Но Лика не умела защищаться. Лер не мог сказать точно, всегда ли так было, или это, как и многое другое, отняли у нее Боги. Факты просто были таковы: Лика всегда бросалась защищать других, но не способна была позаботиться о себе.

Даже не будь Куциан джоктийцем, он был бы проблемой. Конечно же, Теллер устроил все так, чтобы гонец не доставил письмо Анталаиты по назначению, немало при этом рискуя, потому что не удайся побег, ему пришлось бы отвечать головой. (Хоть он и предусмотрел кое-что и на этот случай). Но Бальяра ждала письма. И она несомненно будет негодовать, когда поймет, что ничего не получит. Скорее всего, она уже негодует, узнав, что принцесса ушла в предсвадебный побег. Но пока жениха не представят ко двору, действовать не начнет, потому как далеко не каждый побег кончается свадьбой.

Но когда жениха объявят…

Бальяру можно было понять, у нее трое сыновей квакали в банках. Только в королевских семьях на имянаречение сына надевают траур.
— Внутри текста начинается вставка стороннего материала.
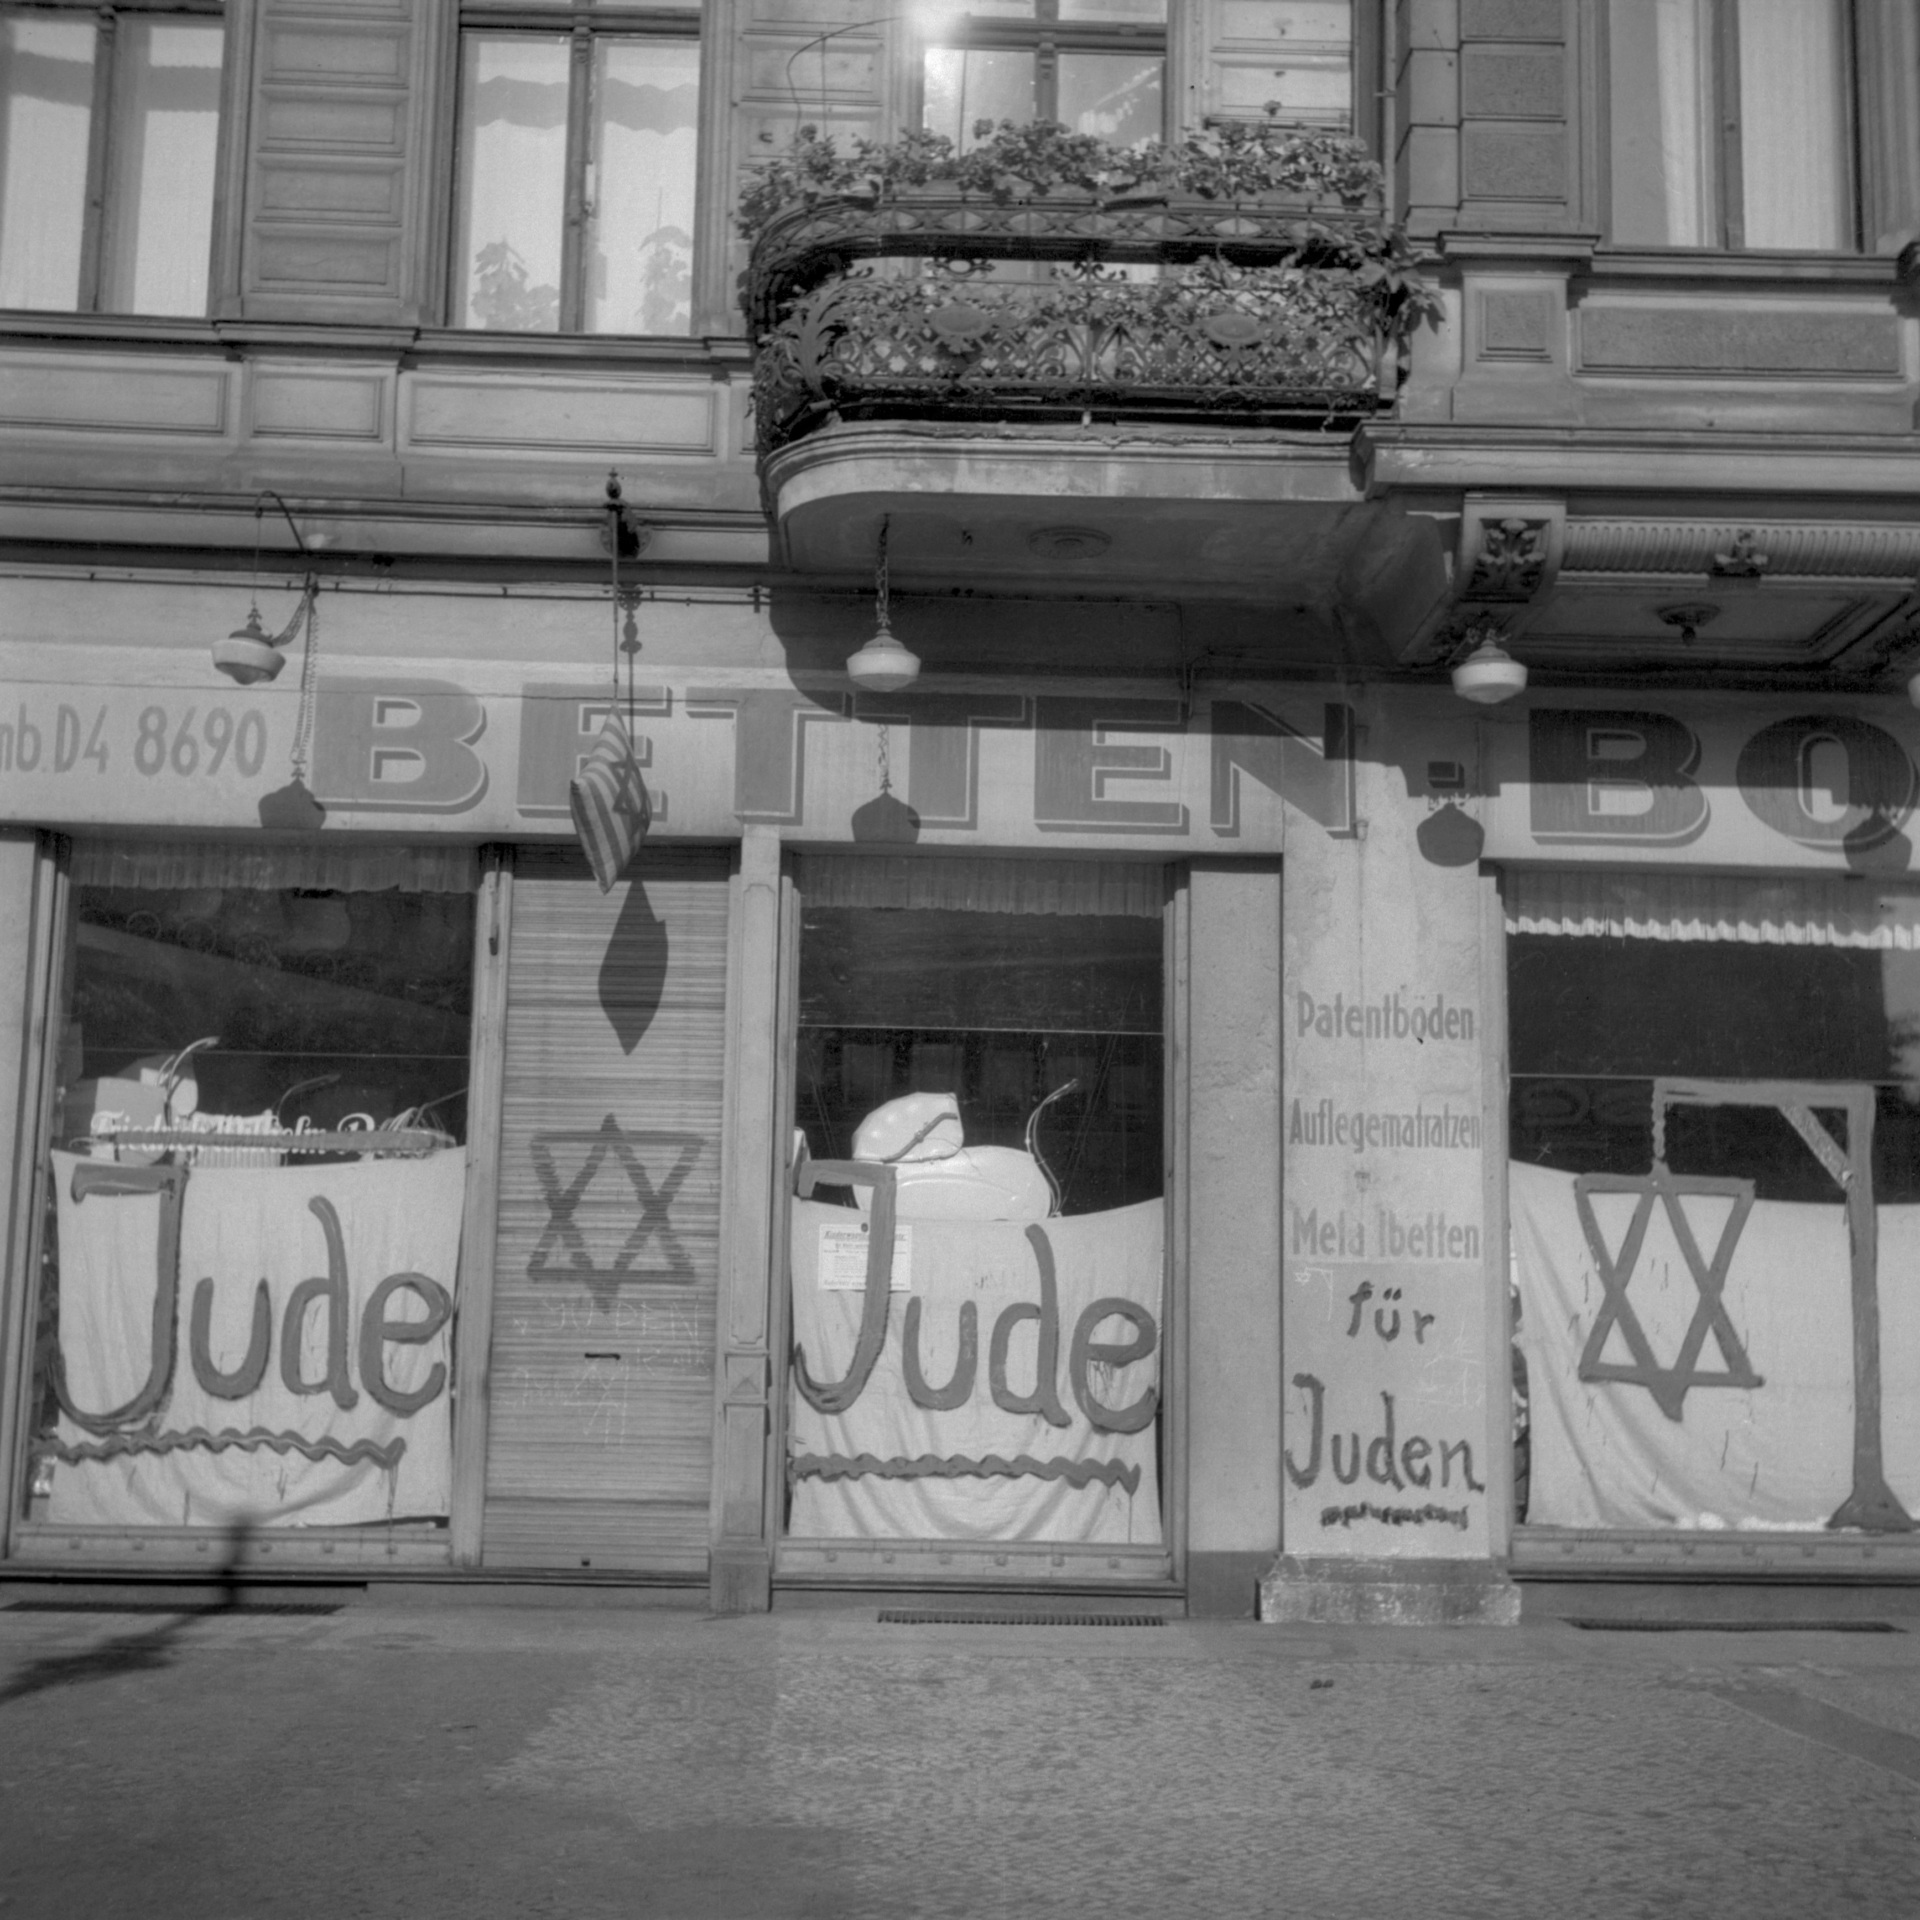 TOPSHOT - A picture taken in Berlin shows a Jewish-run shop inscripted with nazi antisemitic graffitis during the June 1938 antisemitic campaign. Ordered by the Nazi party NSDAP in November 1938, rioters burnt down 267 synagogues, shattered the windows of some 7500 Jewish shops, desecrated Jewish cemeteries and beat people, 09 November 1938. Splintering glass panes and broken glass in the streets gave the pogrom the downplaying name "Reichskristallnacht", or Crystal Night. AFP PHOTO / FRANCE PRESSE VOIR (Photo by PIGISTE / FRANCE PRESSE VOIR / AFP) (Photo by PIGISTE/FRANCE PRESSE VOIR/AFP via Getty Images)
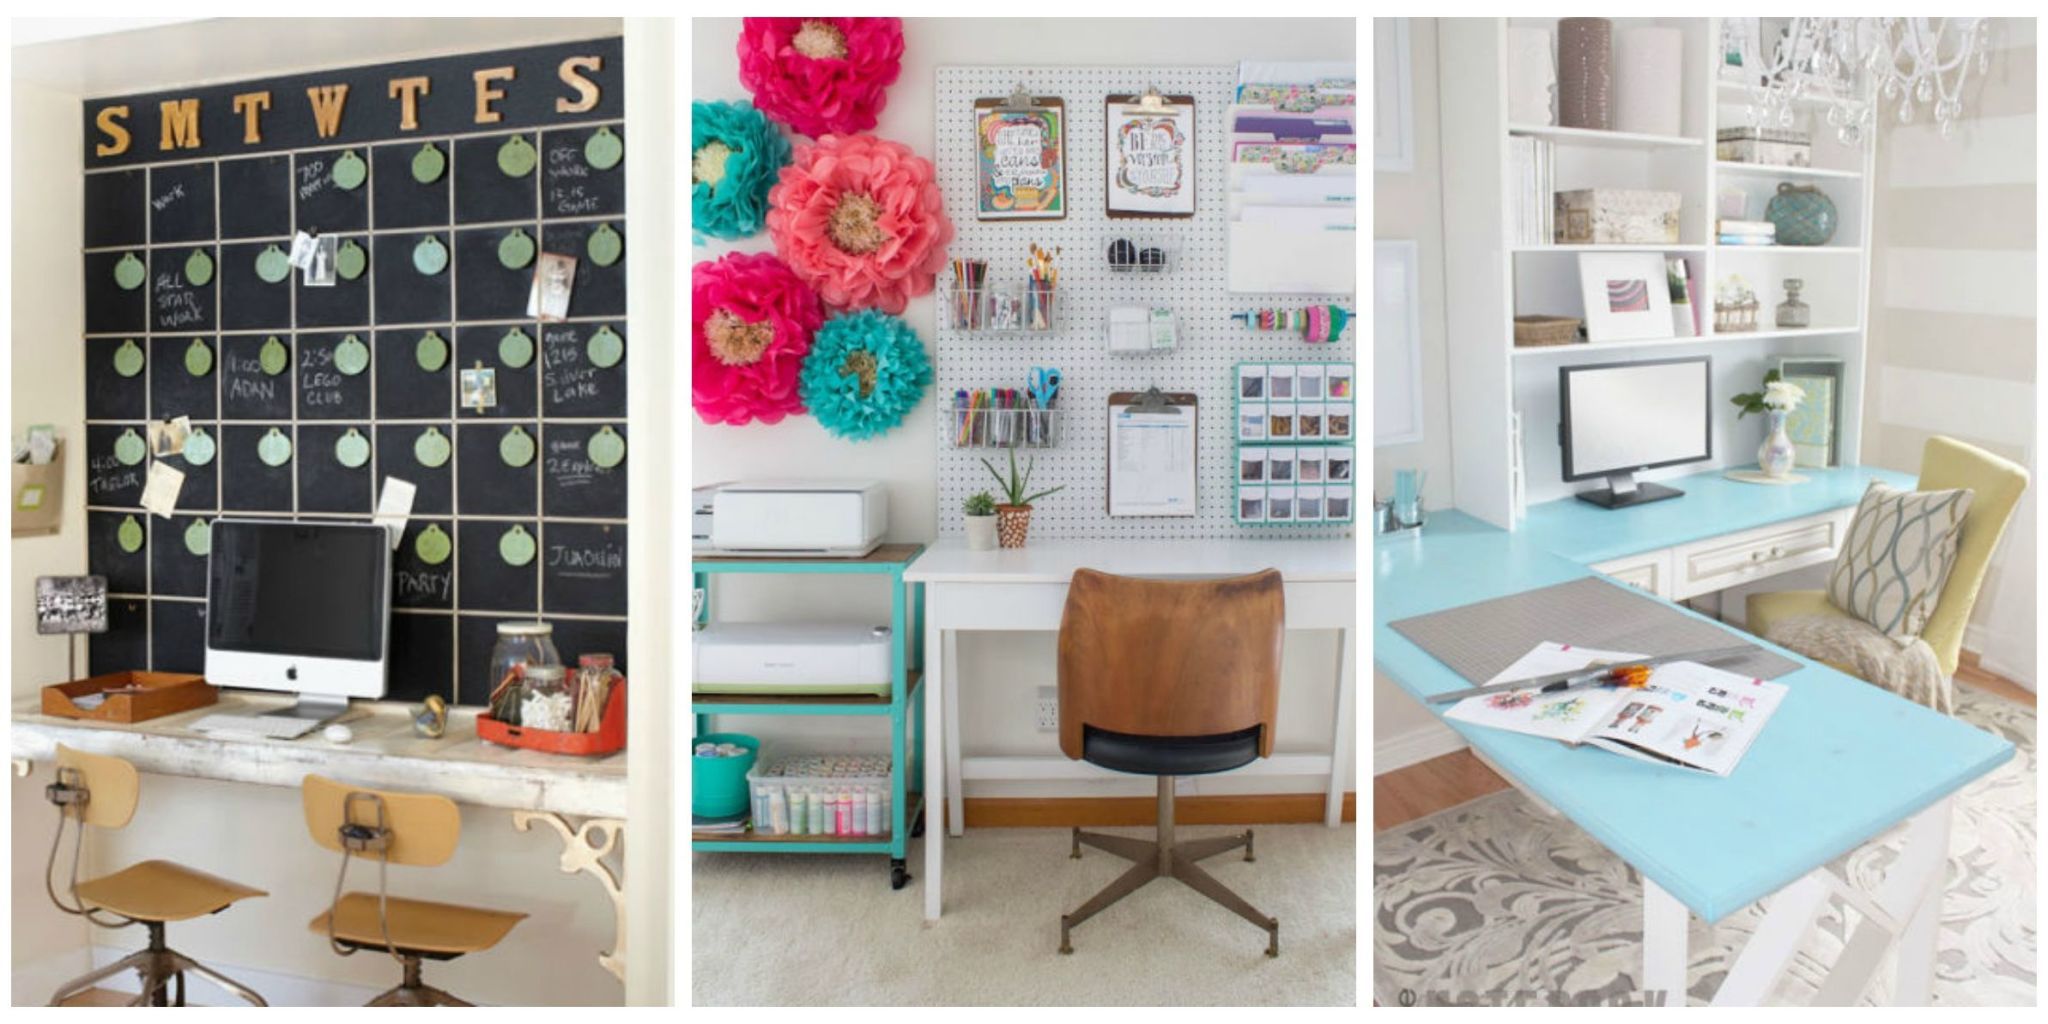 Home Office Ideas - How to Decorate a Home Office

Подскочат цены на сыр и молоко. Цены вообще подскочат. Верный признак охлаждения отношений между государствами, которые раньше дружили. Хороший торговец по ценам легко составит политическую карту мира, — хороший торговец всегда интересуется политикой.

А Куциан, ко всему прочему, был джоктийцем. Плевок в лицо всей Вефиевой половине мира. Да Анталаита бы первая выразила ноту протеста любому, кто осмелился бы принять джоктийца.

Он даже не был принцем, он был потомком неудачника, потерявшего корону. Позор. Какой позор! Пятно на репутации всего королевского рода Хабрасо, которое не получится отчистить еще много поколений. У королей долгая память…

И даже то, что он, в общем-то, был адекватным парнем, более-менее спокойно воспринявшим новости о их с Ликой проклятье, не могло изменить ситуацию. Нельзя же сказать всему мировому сообществу: «эй, люди, ну что же вы, нормальный же парень, а?» То есть можно, но вряд ли это сработает.

Теллер знал Анталаиту: эта женщина не будет даже пытаться что-то кому-то говорить. Скорее, она сделает все, чтобы защитить свою дочь и свое государство. Единственным способом, который покажется ей достаточно надежным.

Теллер не поставил бы на Куцианову жизнь и ломаного гроша. Наоборот, он бы со спокойным сердцем отдал бы все свои деньги букмекеру, зная, что джоктийцу не прожить и дня после знакомства с матерью невесты.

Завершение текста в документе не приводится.